It was summer of 2000 when I first learned about Sybase IQ and its revolutionary column vector database technology. As a long time Sybase ASE and Oracle DBA I was used to database engines that organize data in a row by row method. For quite some time I had difficulties to think in column terms and not in row terms.
A column vector database requires totally different methodology for performance and tuning efforts. Nothing is straight forward and the message that more data volume doesn’t make a difference in the query performance is not easy to understand. For example: A traditional database engine allows the usage of only one index per table in the same query. Sybase IQ has no limits. If each column in the query requires a different index, it will use a different index. In fact, by default every column is an index.
Getting my hands around the fact of having queries perform up to a 1000 times faster on Sybase IQ than on traditional row based RDBMS systems is no easy matter either. Of course in an Oracle implementation with the OLAP technology similar results can be achieved. However, you are paying for the underlying OLTP engine regardless if you’re using it or not. Sybase IQ doesn’t have this overhead.
One of the key features of Sybase IQ is its data compression. I worked with Sybase IQ systems that easily exceeded 80% compression ratio. Meanwhile, every database vendor introduced data compression into their database engines, but Sybase IQ is the undisputed leader in the highest compression ratio of them all.
This post is not meant to explain how Sybase IQ works and why it is so superior in analytical query processing compared to its row processing based counter parts. Please click here to read more about Sybase IQ’s amazing technology.
I know that there are other data warehouse systems out there that are equally as fast as Sybase IQ and some are even faster, but in this article I am focused on the Sybase IQ engine and its recent setting of a new benchmark record for TPC-H transactions. This record is all about saving money while providing blazing fast performance. Please click here to read the detail report on this milestone.

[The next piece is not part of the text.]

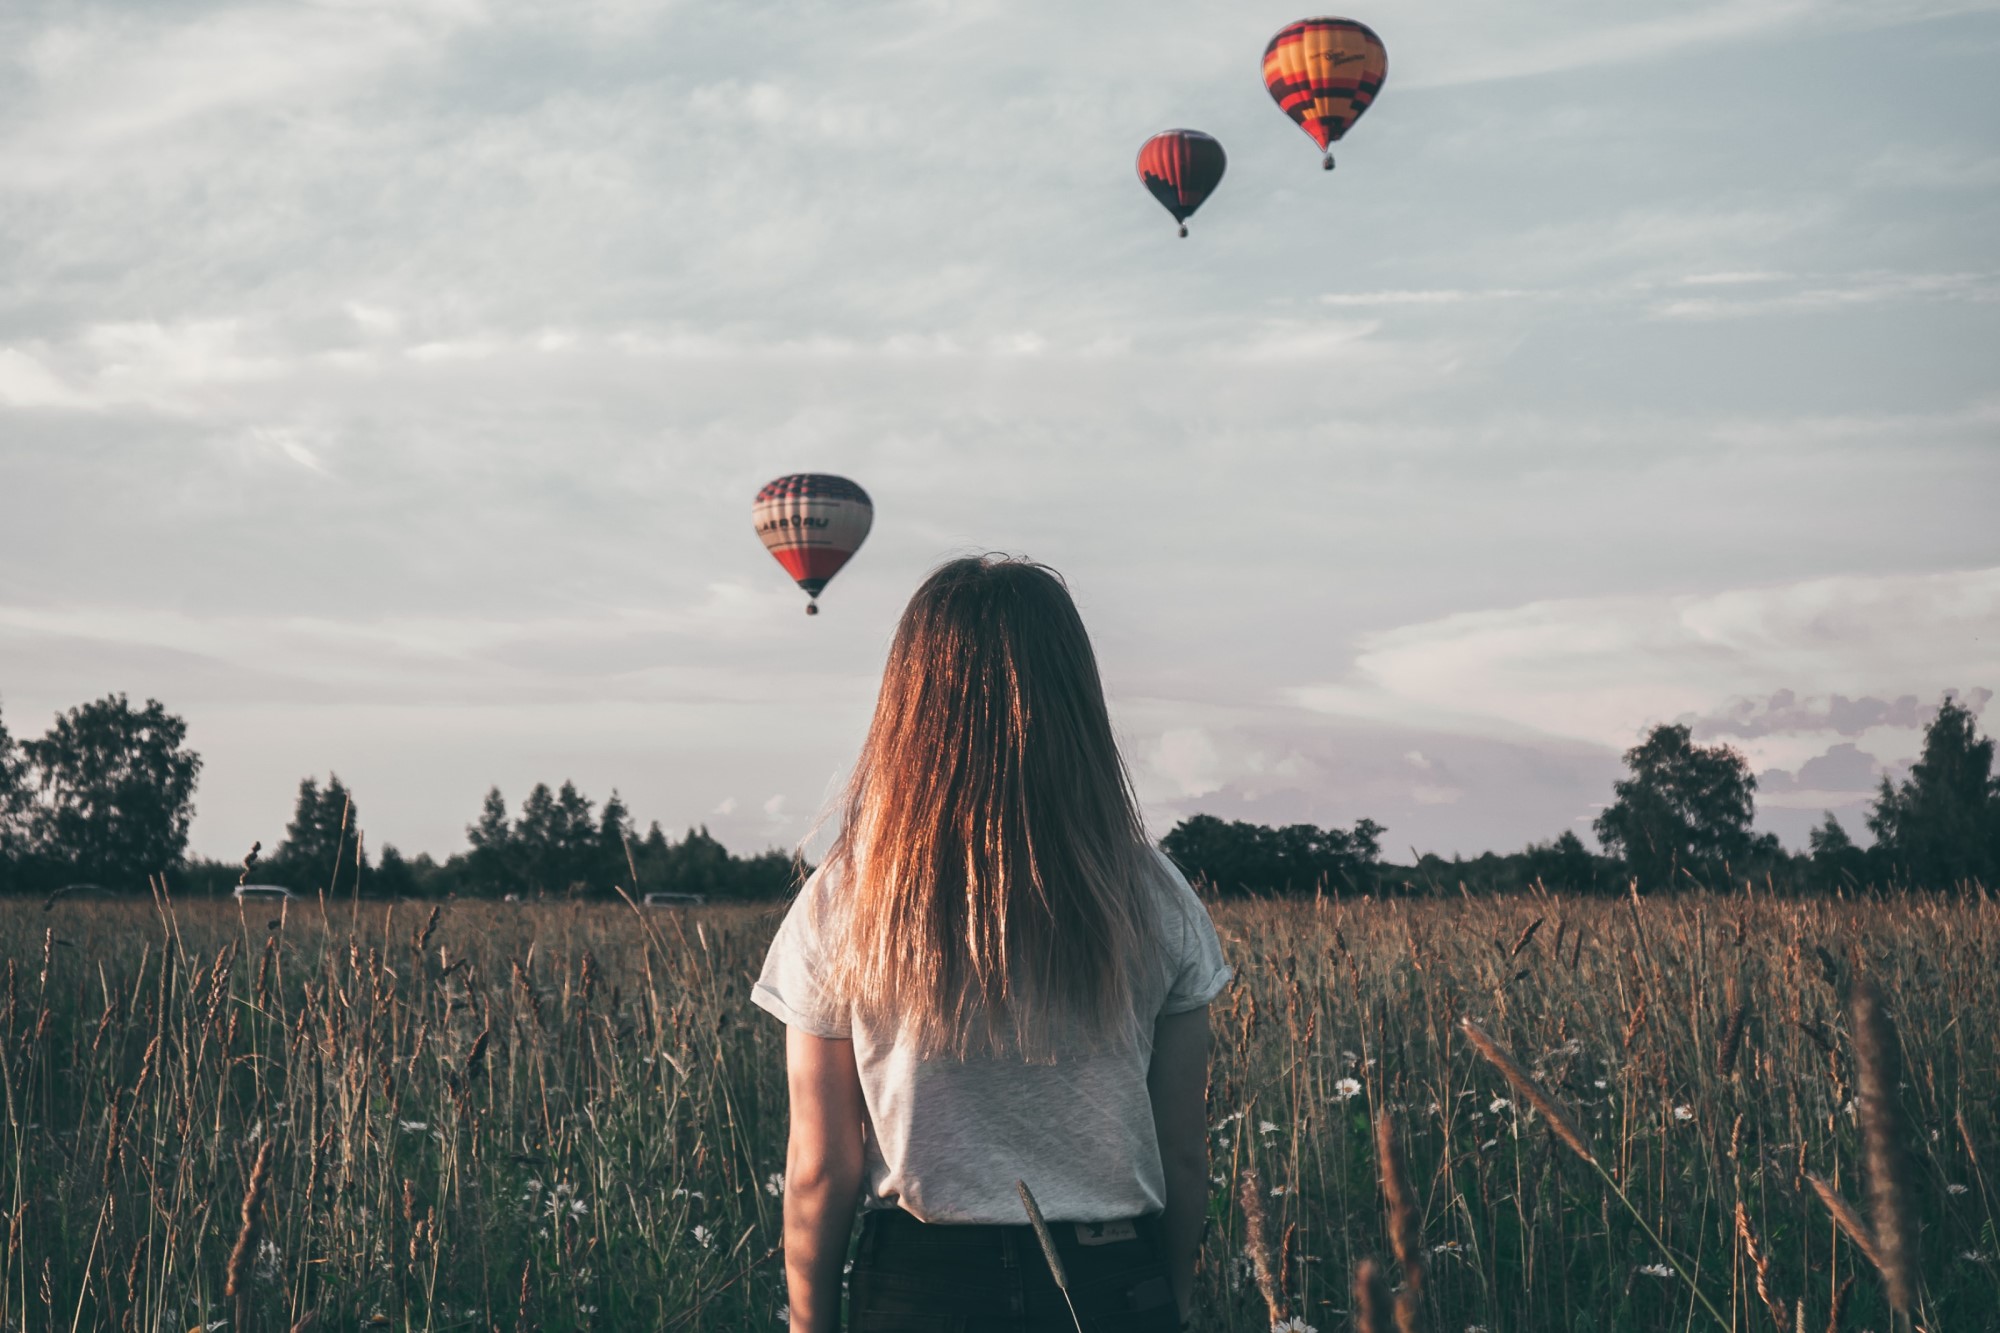 photograph of child standing in field watching hot air balloons

OK, back to what’s new in version 15 of Sybase IQ.
There are two major improvements in the new release that are worth mentioning.
1. The overall query performance was once again dramatically improved and yields in an average 20%-50% performance gain, compared to the previous Sybase IQ release.

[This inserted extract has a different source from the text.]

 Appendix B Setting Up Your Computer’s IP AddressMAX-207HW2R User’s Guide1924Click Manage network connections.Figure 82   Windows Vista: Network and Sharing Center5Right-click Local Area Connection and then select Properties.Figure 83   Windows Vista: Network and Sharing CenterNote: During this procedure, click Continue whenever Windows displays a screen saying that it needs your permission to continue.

What does this mean for your business?
Analytical queries are typically CPU hungry monsters that can eat up your entire processing resources. Producing results faster means more queries will be processed in the same time window.
It also means the hardware upgrade can be postponed for a while. Considering that the associated QA requirements to move an entire production system to a new hardware platform can be a very expensive proposition and combined with the cost of the new hardware maybe not worth the investment. In comparison; a standalone upgrade of the database engine might be worth the effort.
It further means that cheaper server hardware on Linux can be used to build Sybase IQ multiplex systems that produce high end performance results on a slim budget. Due to Sybase IQ’s architecture there are no added network constraints either.
2. Multiple writer nodes in a single multiplex environment.
This is an enormous step forward. Previously a typical Sybase IQ was build with one big server that acts as the writer node and many smaller servers for the reader nodes. The thinking was to provide the best hardware to the CPU intensive load jobs to minimize the load windows. The downside of this architecture was that in a failure situation, one of the smaller servers would take over the writer part and then would be helplessly overwhelmed in case the writer node couldn’t be fixed in time for the next load.
It is also economically not practical to devote high-end, expensive server hardware to a job that only last for a fraction of a daily work load. Having multiple writer nodes solves this problem once and for all.
Utilizing all the available processing power in a multiplex environment ultimately leads to faster load performance, which can be solved without upgrading the writer node server hardware over and over again.
Also, another data load performance improvement is the new feature of loading data directly from clients. This means that data can be loaded from files using a simple SQL statement instead of copying data files onto a server and then using the bcp command.
Of course there are other major improvements in security, flexibility and integration support, but the two improvements above are the major contributors to any cost savings or cost avoidance initiative a business is taking on these days.
Sybase also improved their client apps to better manage Sybase IQ, easier develop applications for Sybase IQ and more effectively monitor Sybase IQ. Once the Achilles heel of Sybase, these tools are now very usable and mature.
From a cost/performance point of view, Sybase IQ is a force to be reckoned with and due to its column vector architecture there is no other major database engine in the market like it. To support Sybase’s strong performance in technology they also had their best financial year ever in 2008 and the best quarter on record in Q1 2009.
I hope you enjoyed my brief introduction into Sybase’s data warehouse engine Sybase IQ and its latest version 15 features.